However, because serine acts as a necessity for multiple metabolic pathways, it can also become rate limiting for growth and survival for several types of cancers. Banh et al. [109] found a subset of human pancreatic ductal adenocarcinoma cell lines lacking expression of serine biosynthesis pathway (SBP) enzymes (e.g., PHGDH) that were dependent on exogenous serine for growth and demonstrated that targeting the recruitment of neuronal axons releases amino acids, such as serine, which was able to rescue the growth of exogenous serine–dependent pancreatic ductal adenocarcinoma cells in Ser/Gly-deprived conditions [109].

Tumor progression

Malignant progression is fueled by enhanced cancer cell proliferation, oncogenic mutation accumulation, and suppressed cell apoptosis. Serine metabolism not only contributes to the malignant phenotype but also triggers cancer stemness, angiogenesis, EMT, and metastasis [110,111].

Tumor stemness

Cancer stem cells have been implicated in metabolism, progression, and recurrence [[112], [113], [114]]. A growing amount of evidence links SSP with cancer stem cells, as demonstrated by Samanta et al. [115,116], who showed that PHGDH is required for maintaining breast cancer stem cells induced by hypoxia. Sharif et al. [117] demonstrated a novel link between PHGDH and stemness-maintaining transcription factors POU class 5 homeobox 1, nanog homeobox, SRY-box transcription factor 2, KLF transcription factor 4, and lin-28 homolog B in cancer stem-like cells, such as glioblastoma, lung carcinoma, breast carcinoma, embryonal carcinoma, breast cancer, and brain cancer. Moreover, PHGDH activity is directly related to enhanced tumor cell stemness by controlling the SRY-box transcription factor 2–OCT4 master complex of stemness in thyroid cancer [118]. PHGDH inhibition increases the ubiquitination and degradation of OCT4 to reduce stemness through posttranslational modifications [117]. In addition, by interacting with actin family member 15, PHGDH prevents its own degradation and promotes the phenotype and malignant transformation of cancer stem cells (CSCs) through ROS imbalance in HCC [119].

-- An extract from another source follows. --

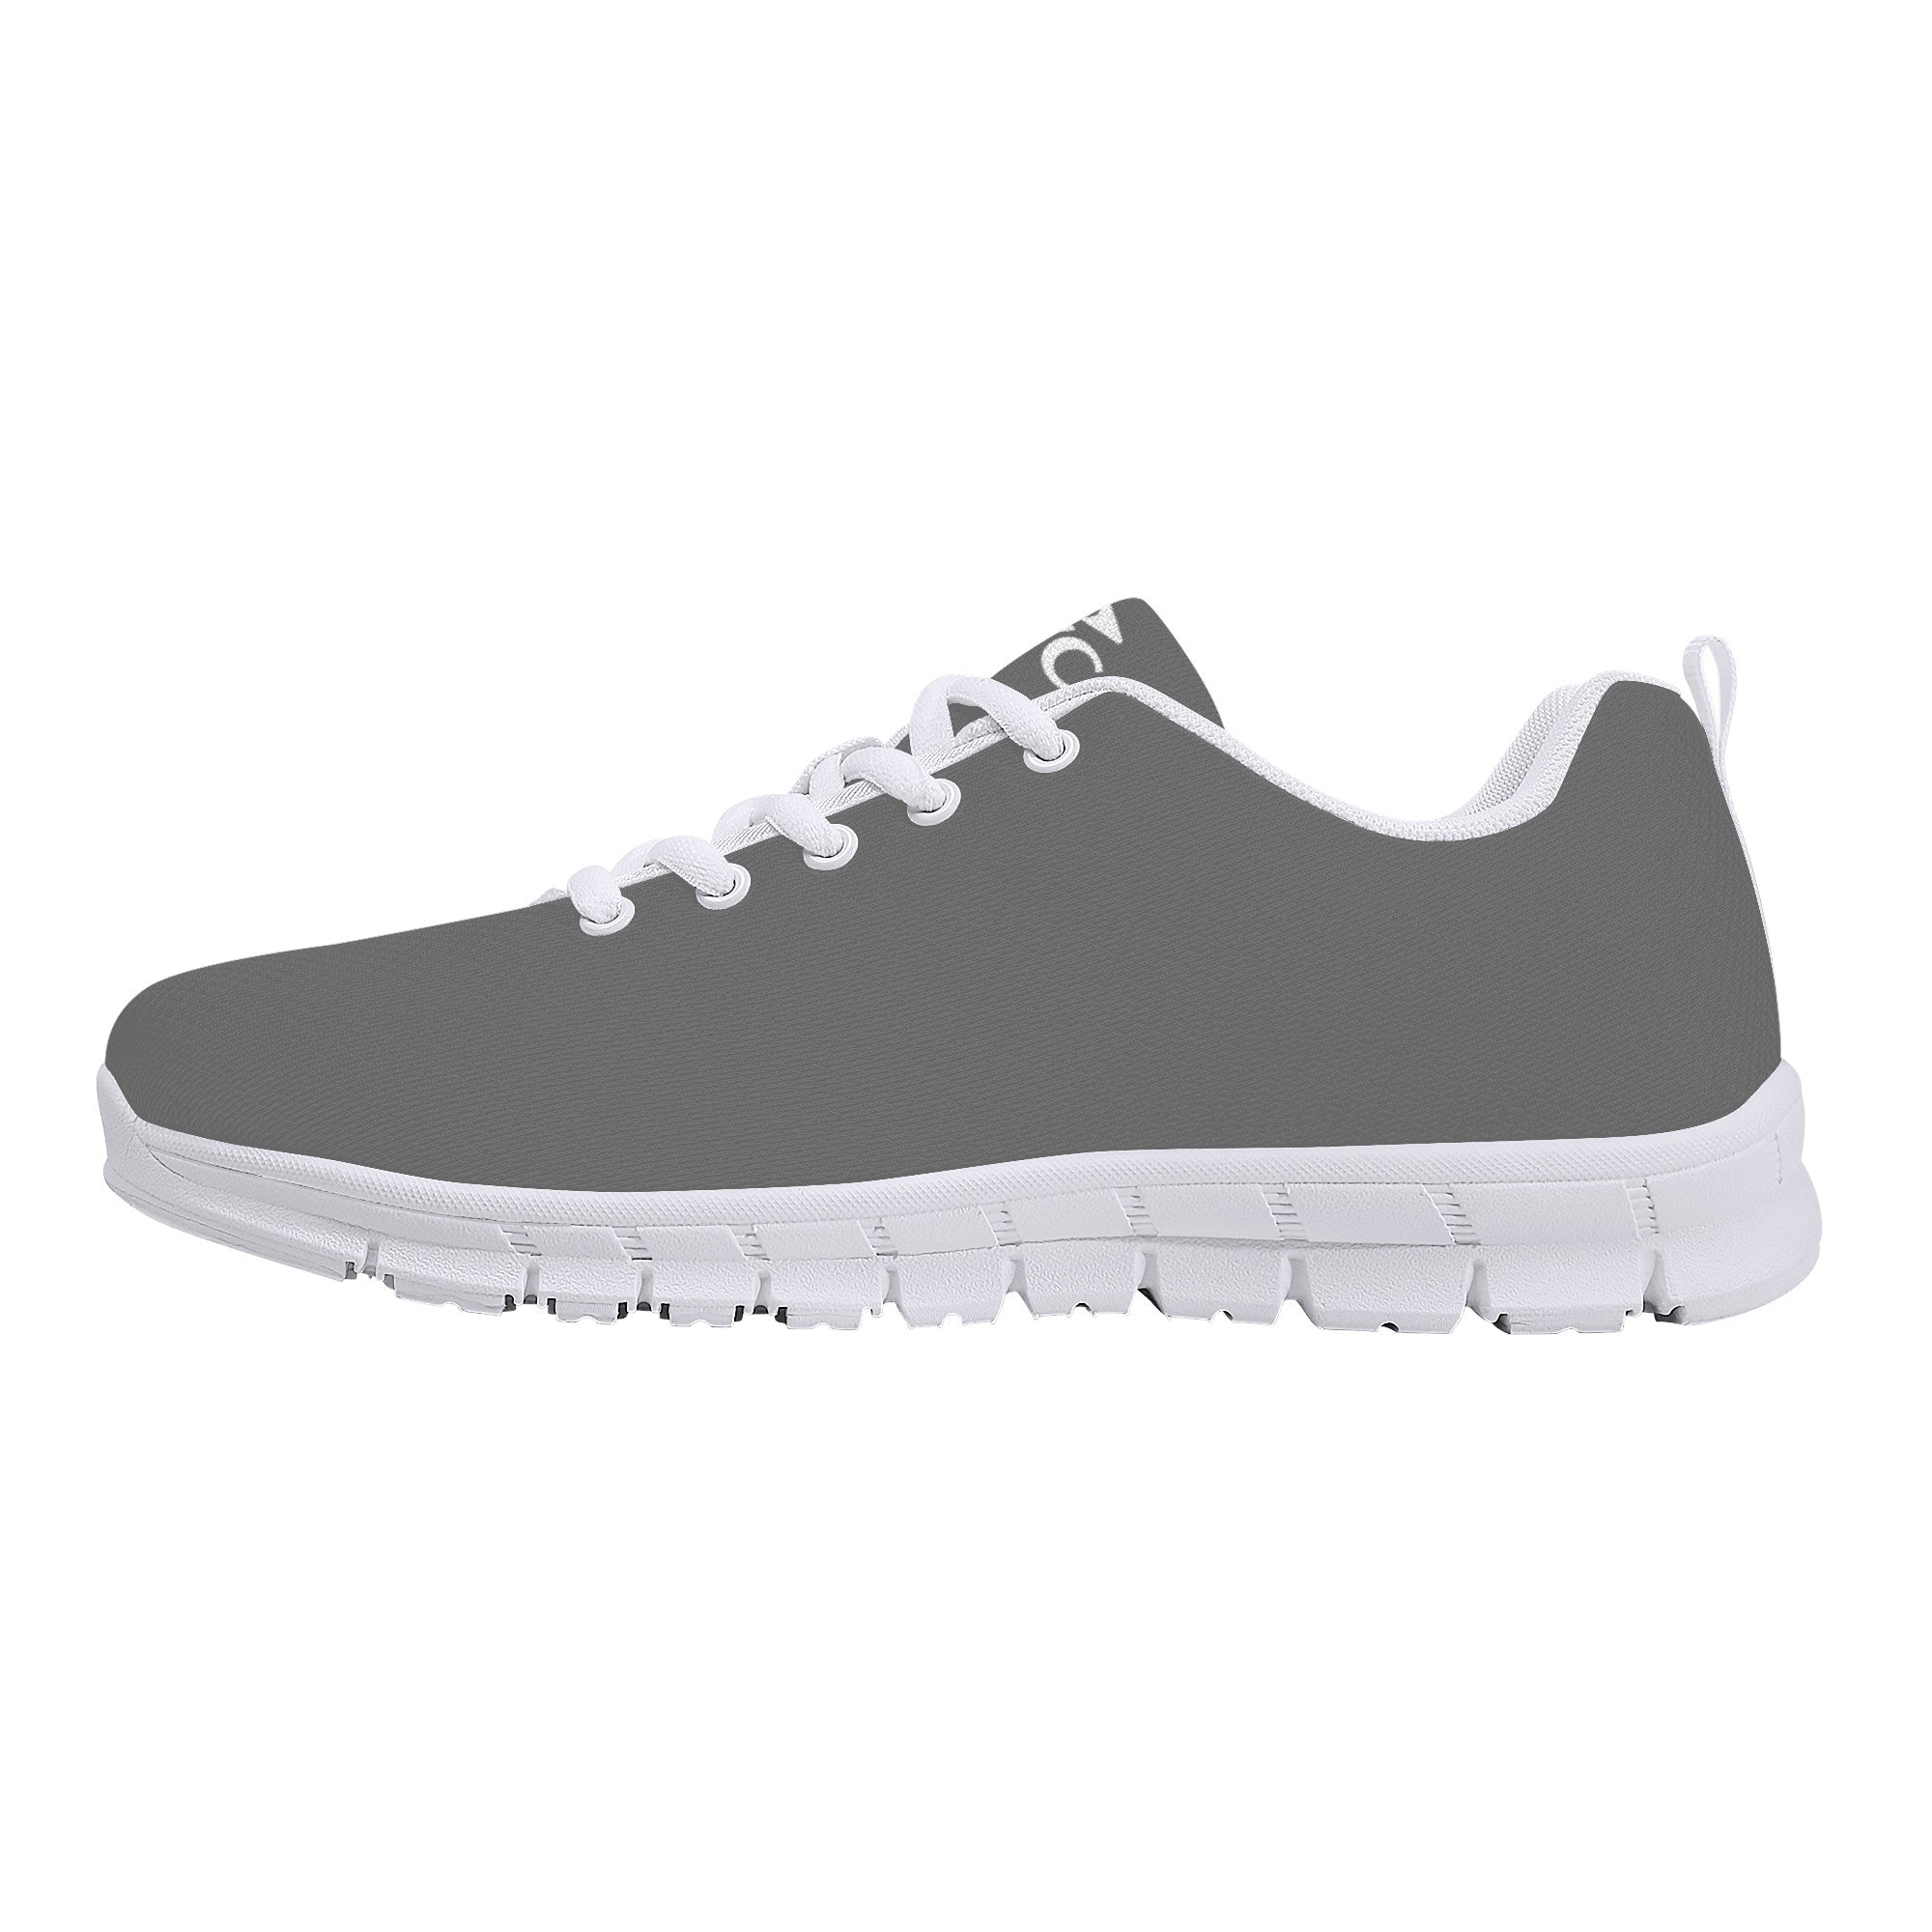 Paycor Sneakers - White - Shoe Zero

In addition, HIF-1 has been reported to mediate serine synthesis and mitochondrial 1-carbon (folate cycle) metabolism to increase mitochondrial antioxidant production (NADPH and GSH) [60]. Dynamic maintenance of ROS homeostasis is required for induction of the breast cancer stem cell phenotype [116]. Therefore, serine catabolism plays an important role not only in “biomass accumulation” in most cancers but also in malignant transformation of CSCs and tumor progression [60].

Tumor angiogenesis

For tumors, particularly solid tumors, the formation of new blood vessels is an important link in tumor progression, metastasis, and drug resistance. As tumors mature, tumor cells secrete various angiogenic factors, such as VEGF, EGF, fibroblast growth factor 2, C-X-C motif chemokine ligand 1, and IL-8 [120,121]. These factors regulate endothelial cell proliferation and tube formation, consequently forming blood vessels that supply nutrients and oxygen to the tumor mass [122].

Serine plays a crucial role in tumor angiogenesis induced by growth factors and chemokines. Studies have found that PHGDH increases the expression level of VEGF to enhance the progression of glioma brain tumors [98]. However, the specific mechanism by which PHGDH regulates glioma angiogenesis has not yet been reported. Recent studies have proposed that human umbilical vein endothelial cells rely on the SSP for hemin synthesis to maintain mitochondrial respiration and homeostasis. Supplementation of hemin in PHGDHKD ECs restored electron transport chain function and rescued apoptosis and angiogenesis defects [110]. Unfortunately, there is little research on how serine promotes angiogenesis in tumors, and this field needs further exploration.

Tumor invasion and metastasis

Tumor progression is driven by local invasion and distant metastasis of transformed cells through blood and lymph vessels. Tumor cells acquire their invasive properties through a process known as EMT, which is characterized by reduced expression of epithelial markers such as E-cadherin [123,124].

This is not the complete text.